# Dsihnetwork & MuchMusic



## Guest (Apr 22, 2002)

Does Dish Network still carry MuchMusic channel (158) ?

I see it on their website, but I can't find it in their channel guide. Is it still available?


----------



## Scott Greczkowski (Mar 21, 2002)

Yes it's still there. (although this version of Much Music SUCKS comapired to the Canadian version)

If you can't see it do a check switch and that should get it in for you.

(Also be aware they are doing some transponder shuffling, as they are putting Echostar 7 in service today!)

Welcome to DBStalk! We hope you will register!


----------



## Kevin (Mar 27, 2002)

> (although this version of Much Music SUCKS comapired to the Canadian version)

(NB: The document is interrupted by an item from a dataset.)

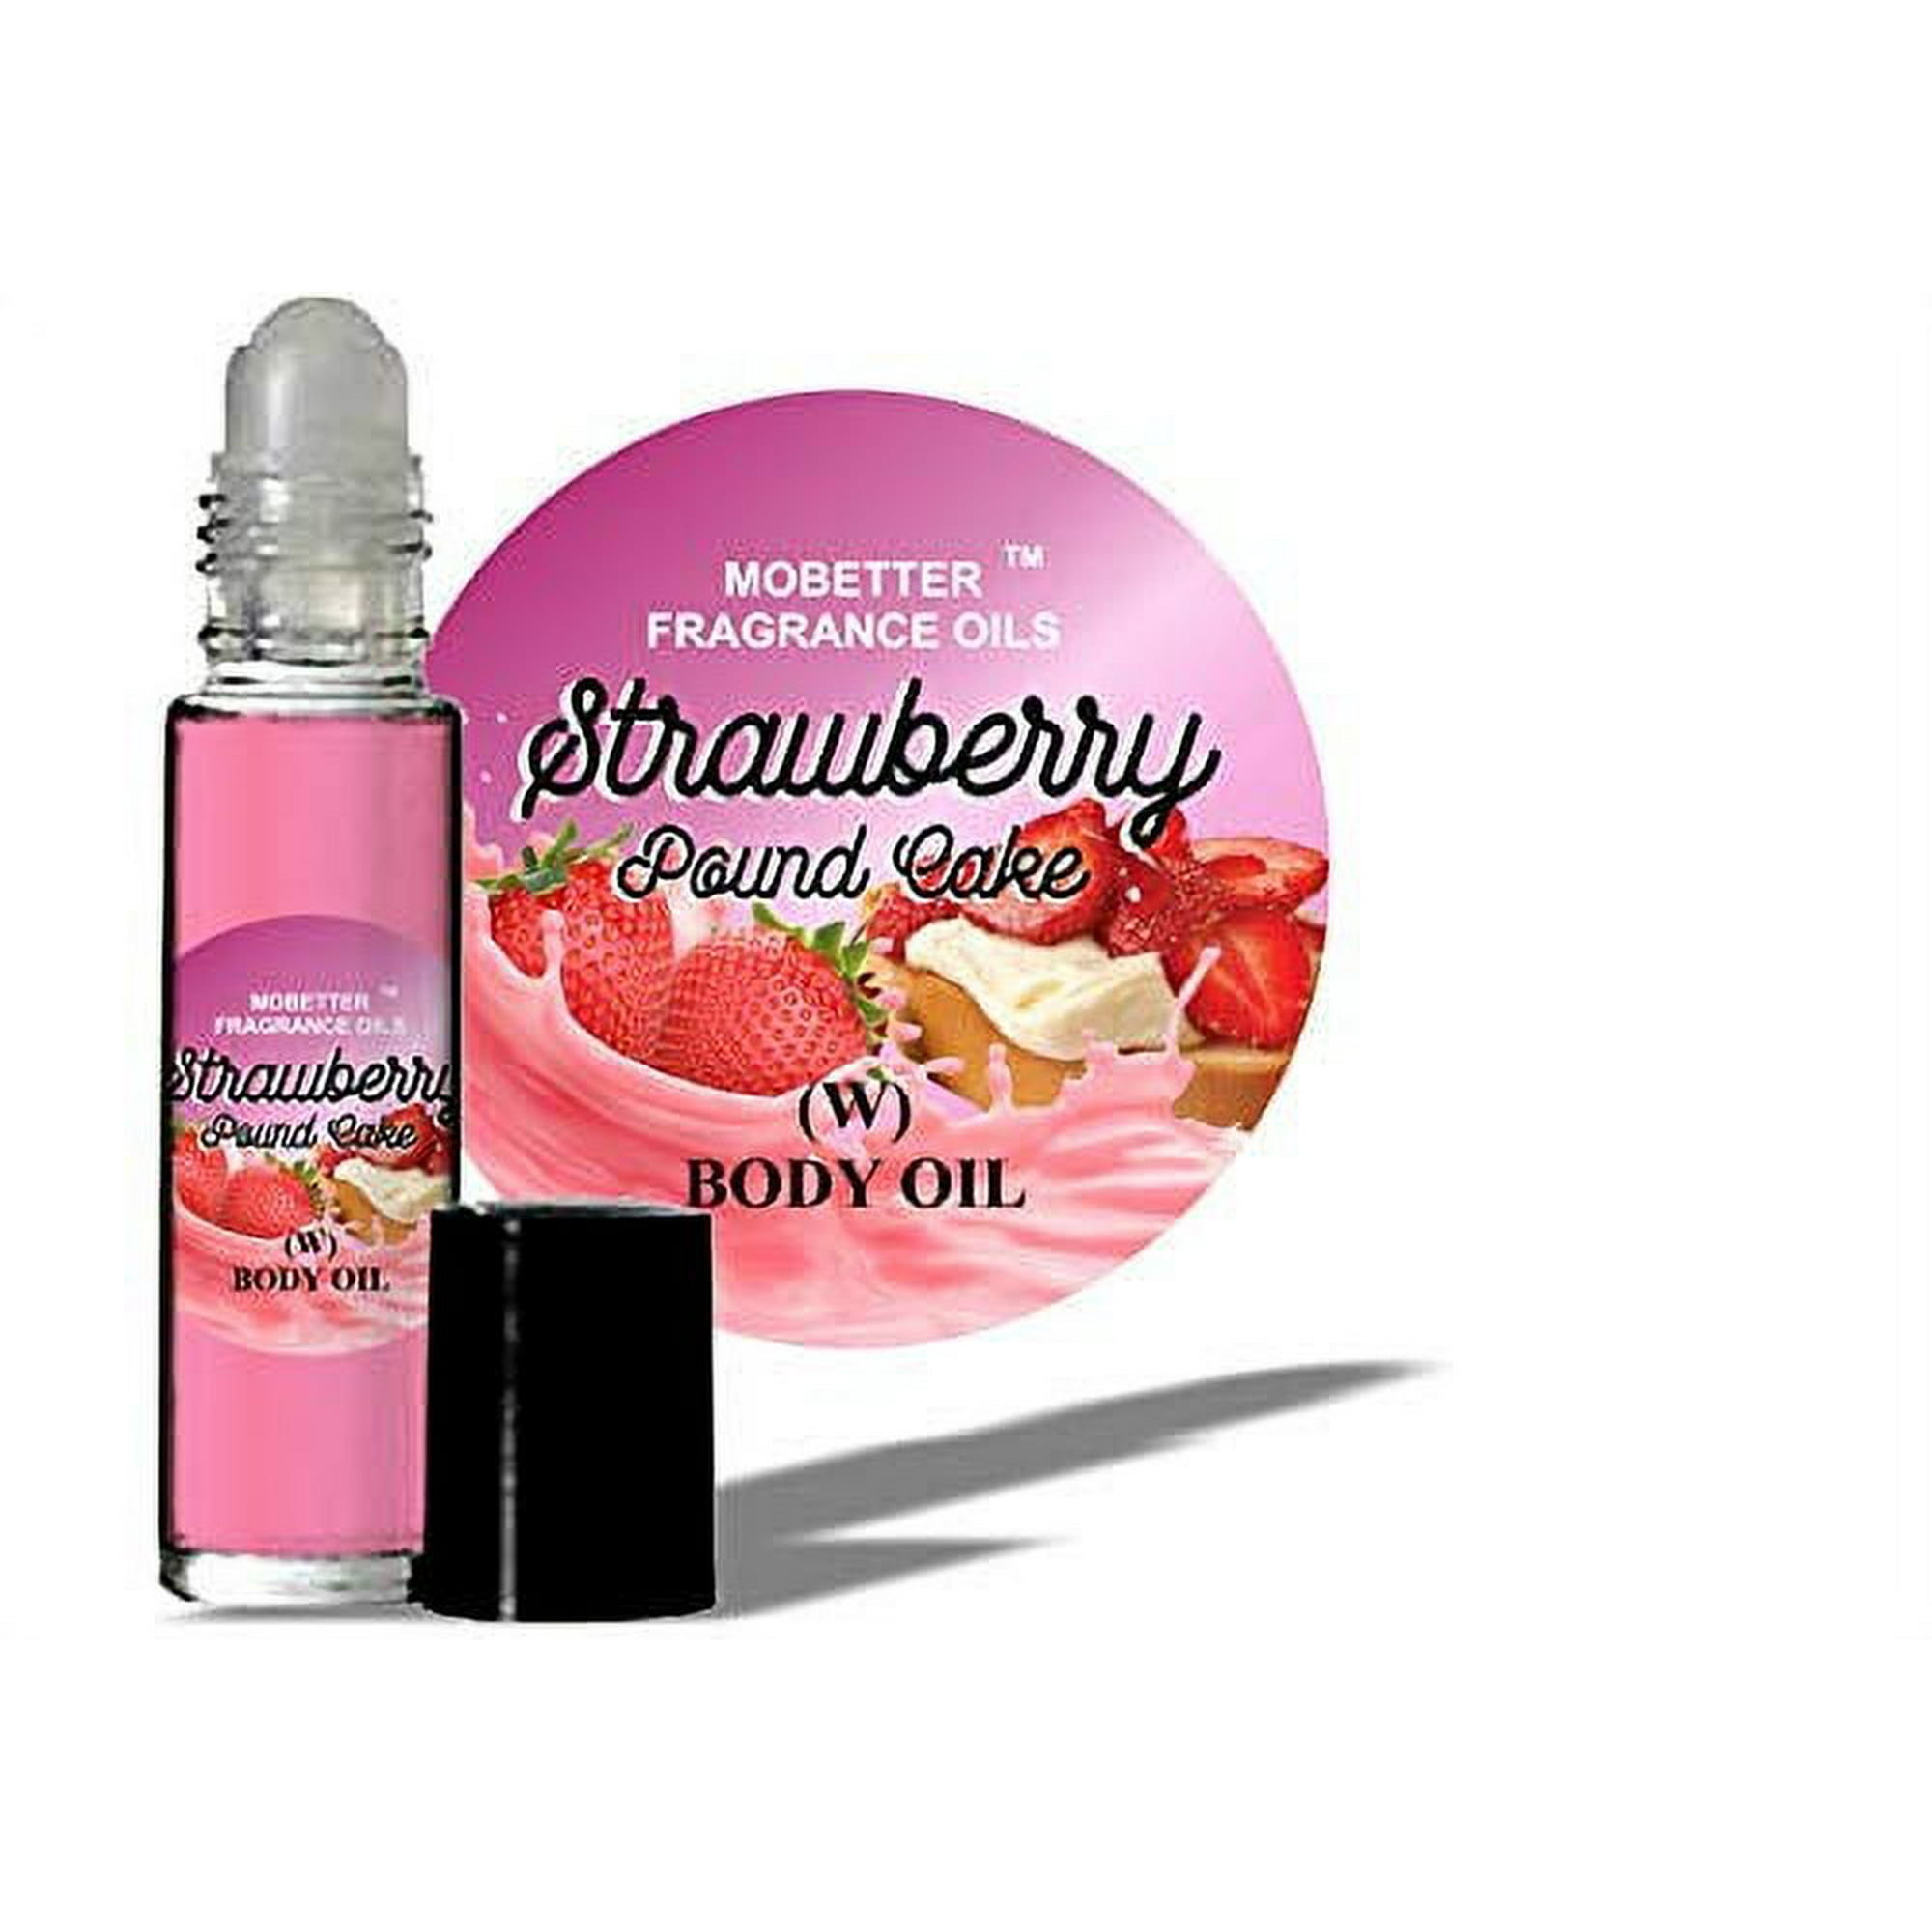 Strawberry Pound Cake Perfume body oil

 I agree, the USA version of MuchMusic is horrible! I enjoy the Canadian programming much more than the American garbage on that channel. The Wedge is the best music show ever. Too bad us E* subs never got to enjoy MuchMusic Canada before Rainbow Media bought it and let it go to hell!


----------



## Jacob S (Apr 14, 2002)

Didnt DirecTv used to have the Canadian Much Music Channel then switch to the MMUSA version of it lately?


----------



## EvanS (Mar 27, 2002)

good to hear this from others...all I ever heard was MuchMusicMuchMusicMuchMusicMuchMusicMuchMusicMuchMusicMuchMusic - and then I got it and really started thinking I was out of touch
I can do without it, tell the truth


----------



## Scott Greczkowski (Mar 21, 2002)

Trust us the old version of Much Music was MUCH MUCH better then this. People wanted to old version (which was basicly identical to the Canadian Much Music Service) not this watered down crap with all the graphics on the screen.


----------



## John Walsh (Apr 22, 2002)

I think the Much Music is great (when I get 119 tr 18). I would have loved to have seen the other version


----------



## James_F (Apr 23, 2002)

I always like the "Boxing Day" specials!


----------



## Kevin (Mar 27, 2002)

Yes Jacob, DirecTV used to carry the Canadian feed of MuchMusic until Rainbow Media bought out half of MuchMusic and launched MuchMusic USA in June 2001 for all viewers in the U.S. This marked the end of the MuchMusic Canada feed in the U.S.


----------



## Brian Rector (Mar 25, 2002)

MuchMusic was so much cooler back then when you could see such acts as Matthew Goode Band, etc. Now it seems that the channel is nothing more than a subpar copy of MTV ( MTV has the Osbournes....and thats about the only cool thing on the channel these days).


----------



## Jacob S (Apr 14, 2002)

Why couldnt MuchMusic broadcast their Canadian channel and call it MuchMusic 2 just like MTV2 ? Maybe we should start emailing Muchmusic and Dish Network and so forth to see if they will add it or not to see if this is even possible.


----------